**The data**.
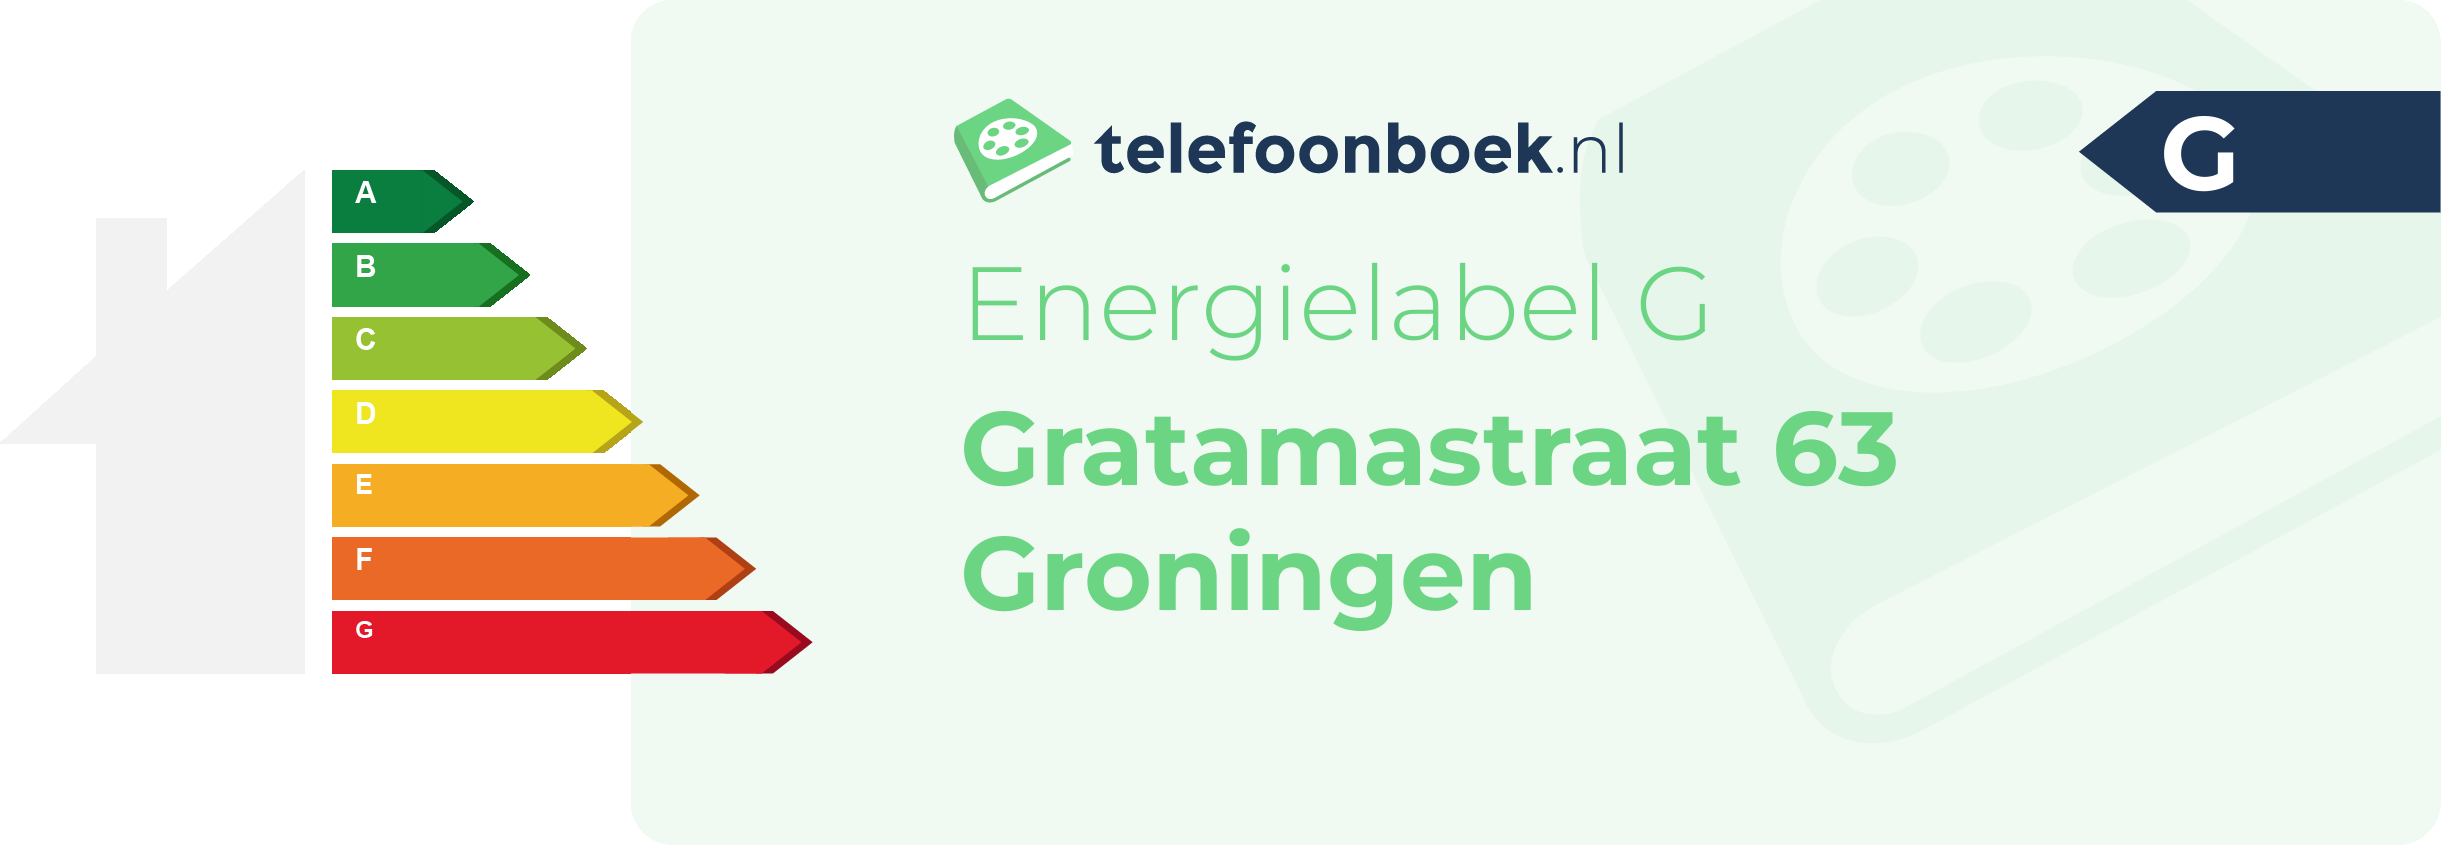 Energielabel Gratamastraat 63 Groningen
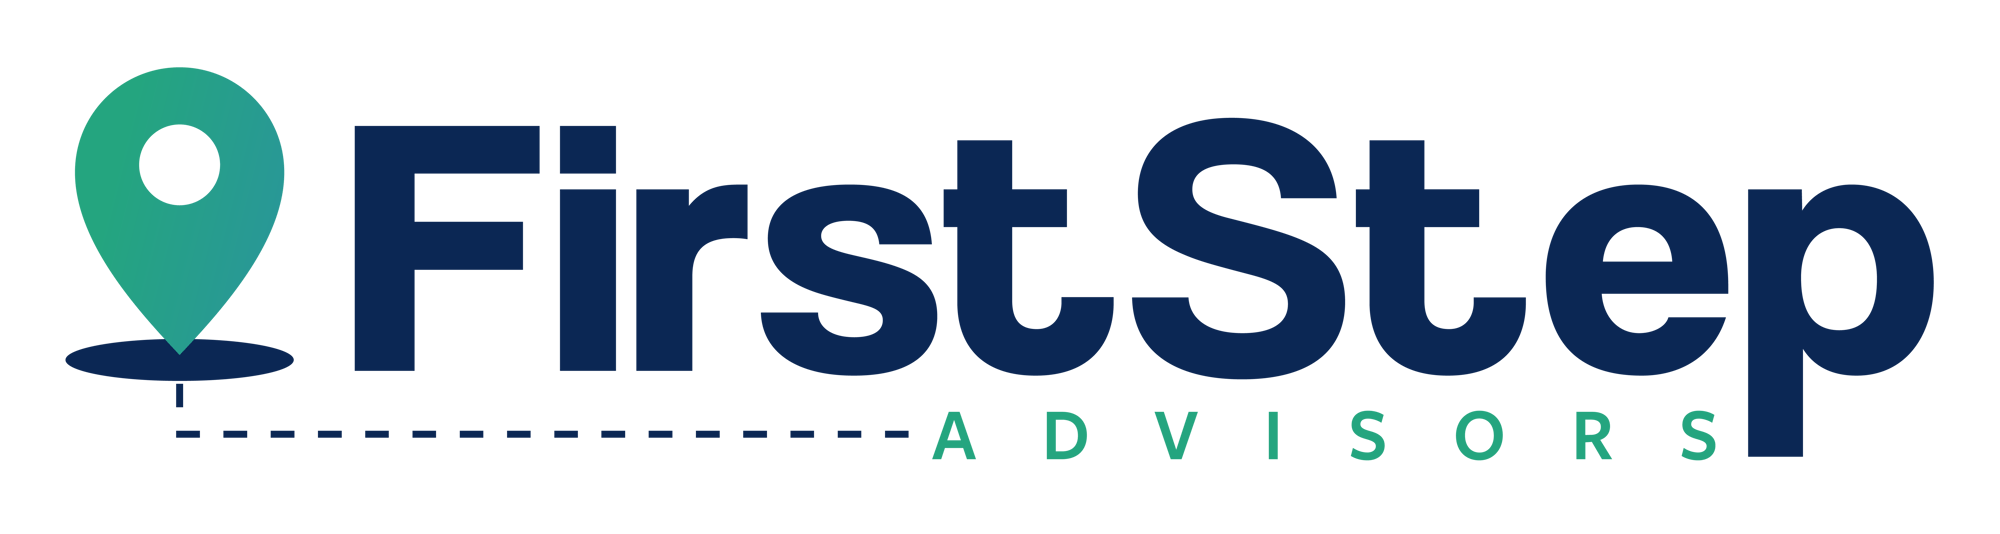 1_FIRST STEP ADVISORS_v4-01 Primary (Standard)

--

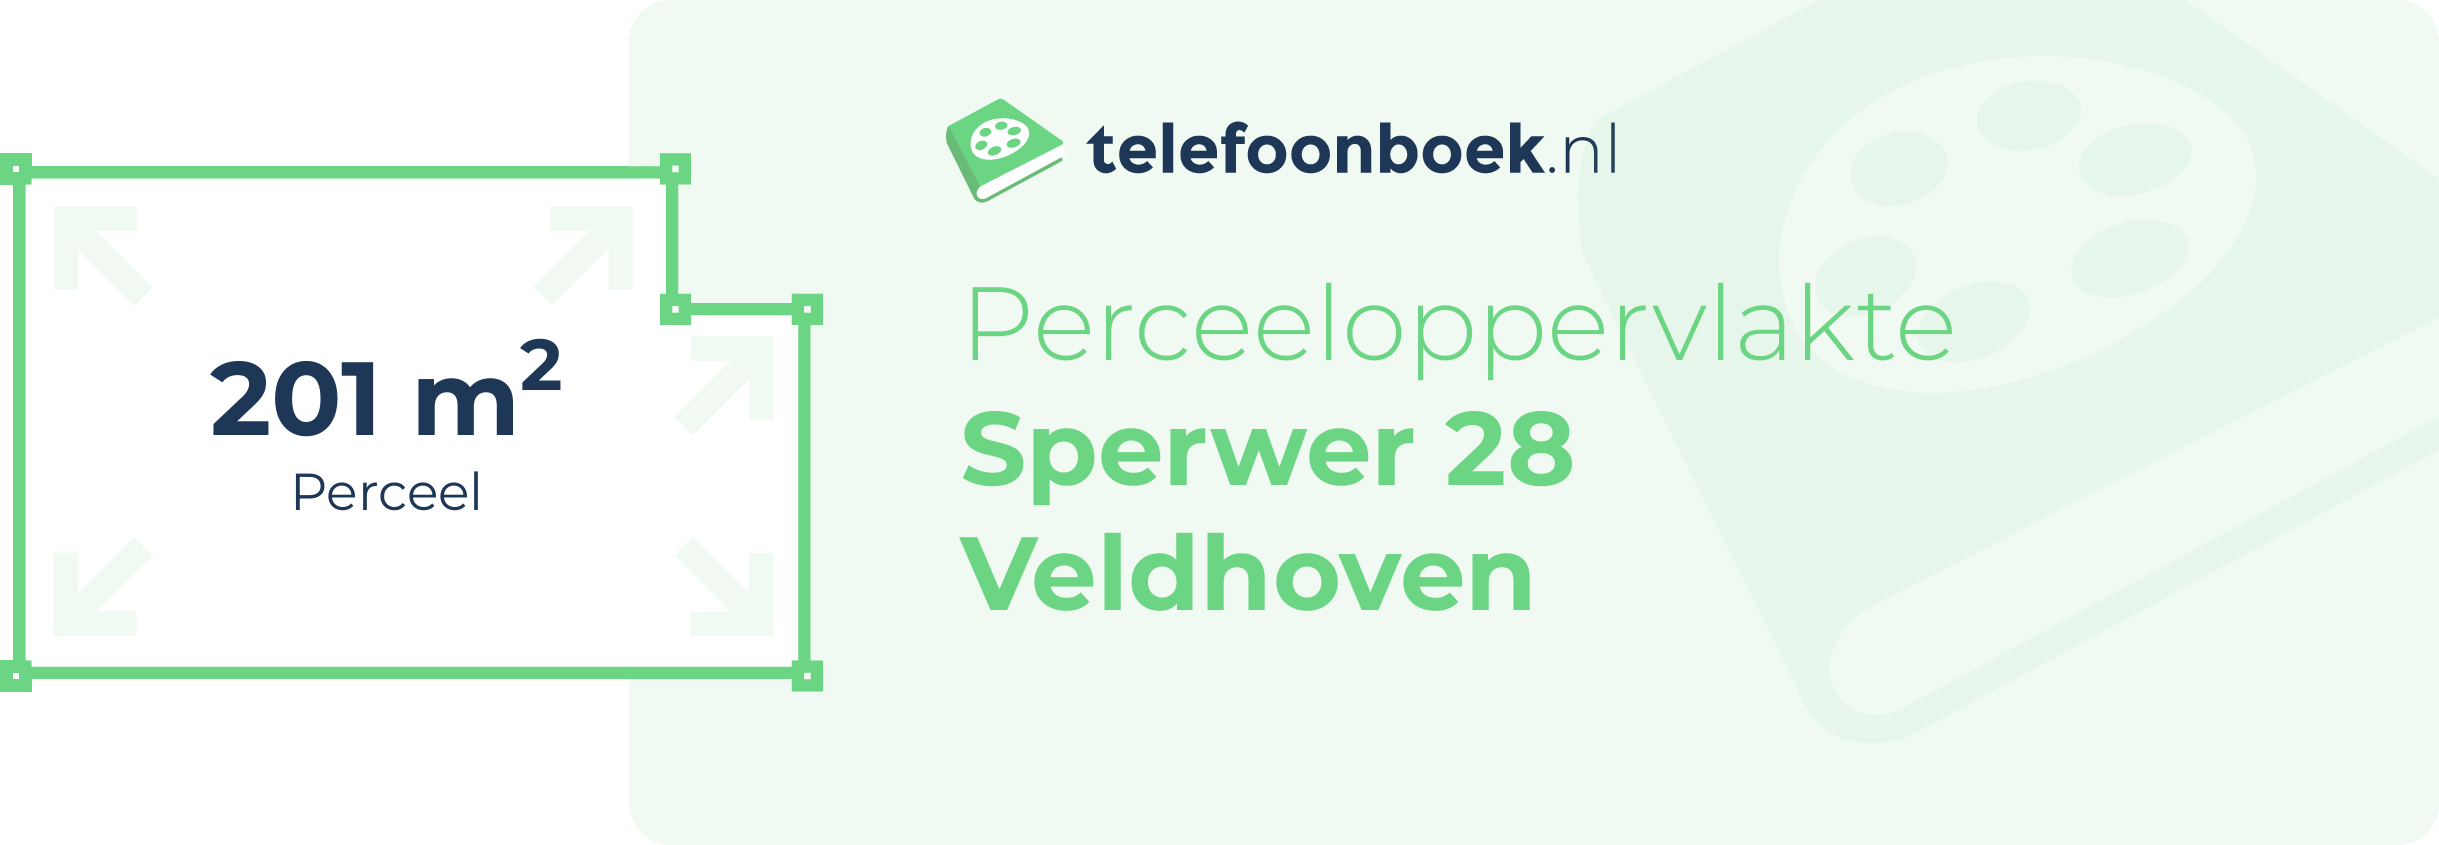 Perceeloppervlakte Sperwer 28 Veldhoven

**About this task**.
Quote the data above exactly from the line with "Energielabel Gratamastraat 63 Groningen" to the line with "1_FIRST STEP ADVISORS_v4-01", both ends counted, and nothing else. Pictures don't go in.

**Task response**.
 Energielabel Gratamastraat 63 Groningen
 1_FIRST STEP ADVISORS_v4-01 Primary (Standard)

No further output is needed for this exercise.